DATA PROVIDED -
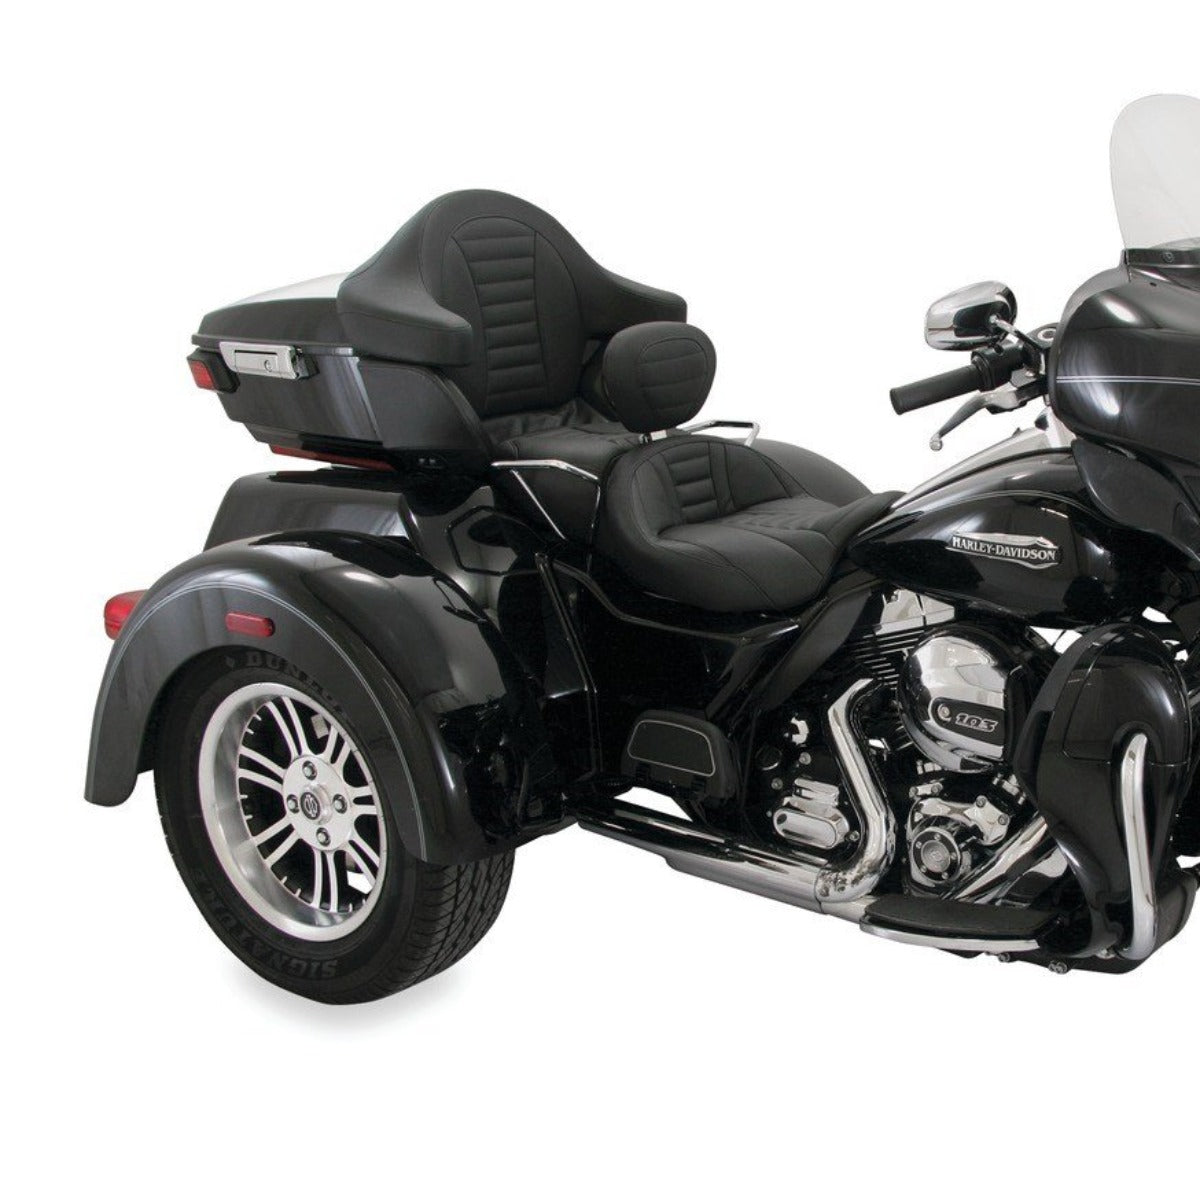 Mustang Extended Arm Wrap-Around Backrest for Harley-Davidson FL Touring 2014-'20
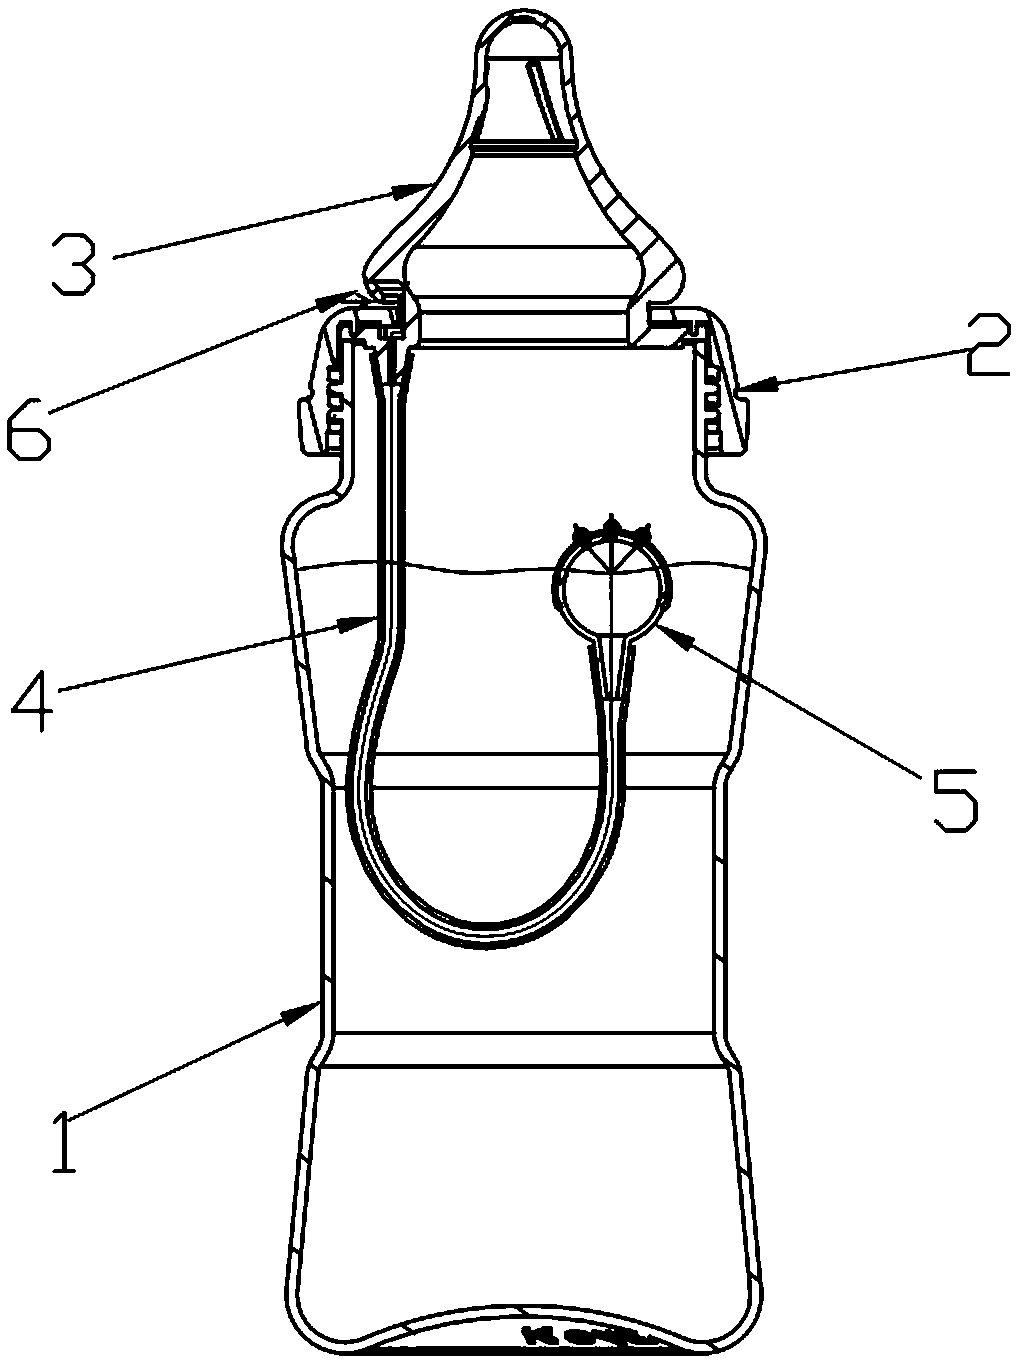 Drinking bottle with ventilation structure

==

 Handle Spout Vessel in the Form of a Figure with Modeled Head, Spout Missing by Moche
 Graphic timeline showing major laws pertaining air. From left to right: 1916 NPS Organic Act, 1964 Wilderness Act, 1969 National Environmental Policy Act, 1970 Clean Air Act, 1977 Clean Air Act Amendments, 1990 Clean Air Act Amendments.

...

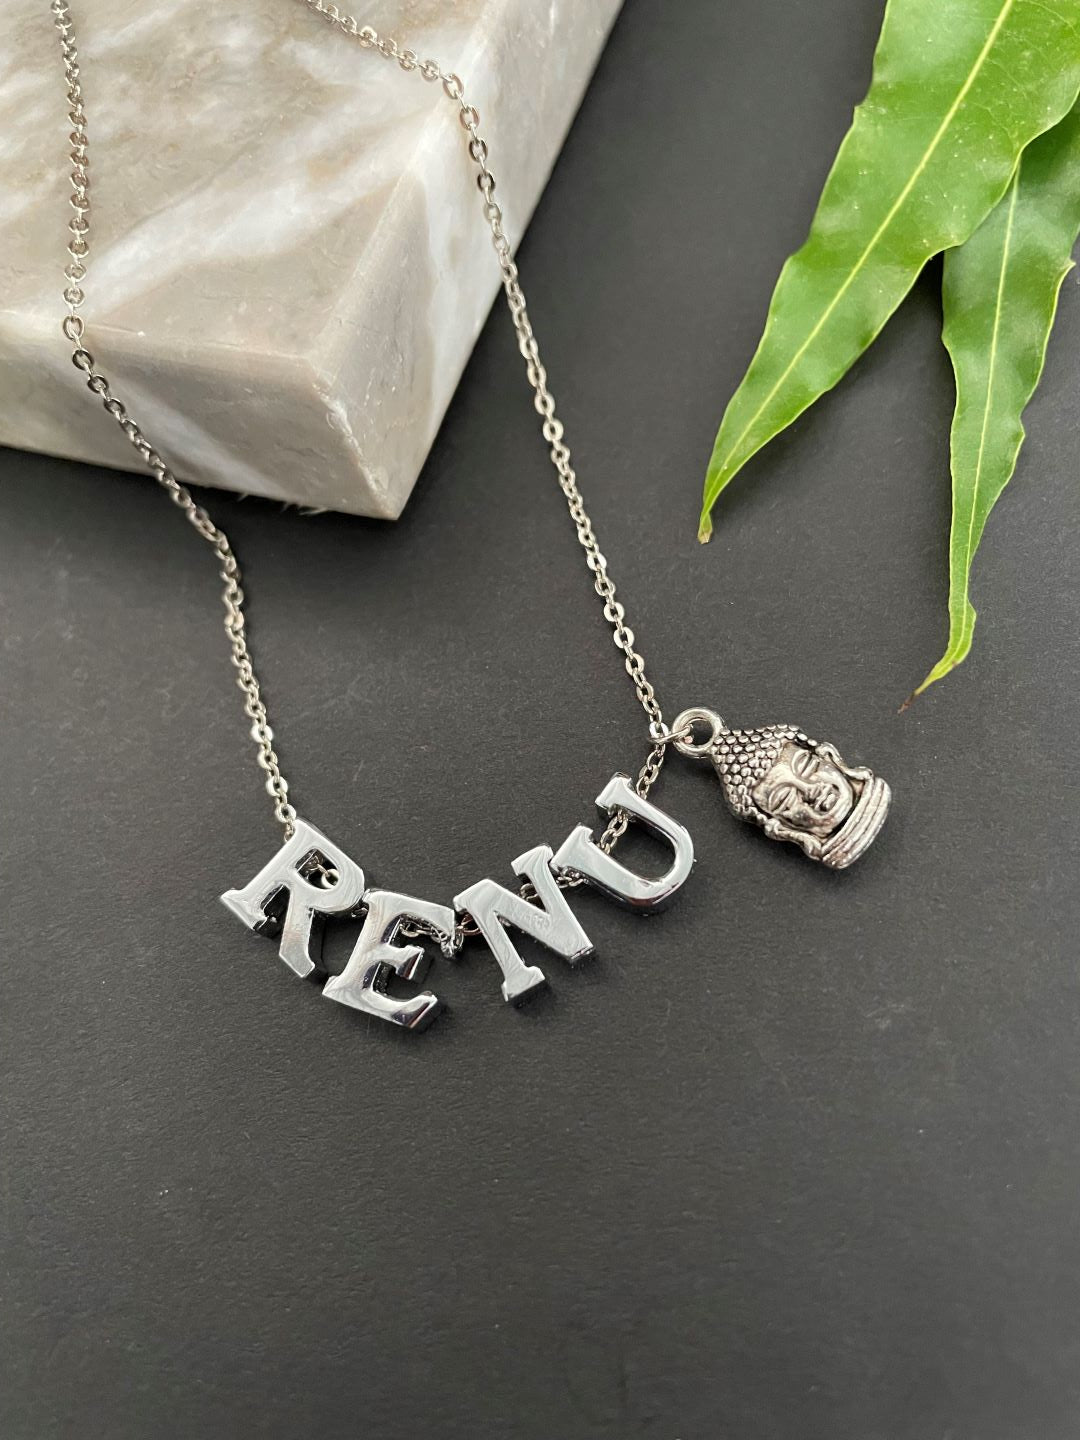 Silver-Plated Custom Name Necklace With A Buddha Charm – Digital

TASK DETAILS - Look above for the line with "Mustang Extended Arm" and the line with "Drinking bottle with ventilation structure", then restate exactly those two lines and all lines between them, with no pictures.

RESPONSE -
 Mustang Extended Arm Wrap-Around Backrest for Harley-Davidson FL Touring 2014-'20
 Drinking bottle with ventilation structure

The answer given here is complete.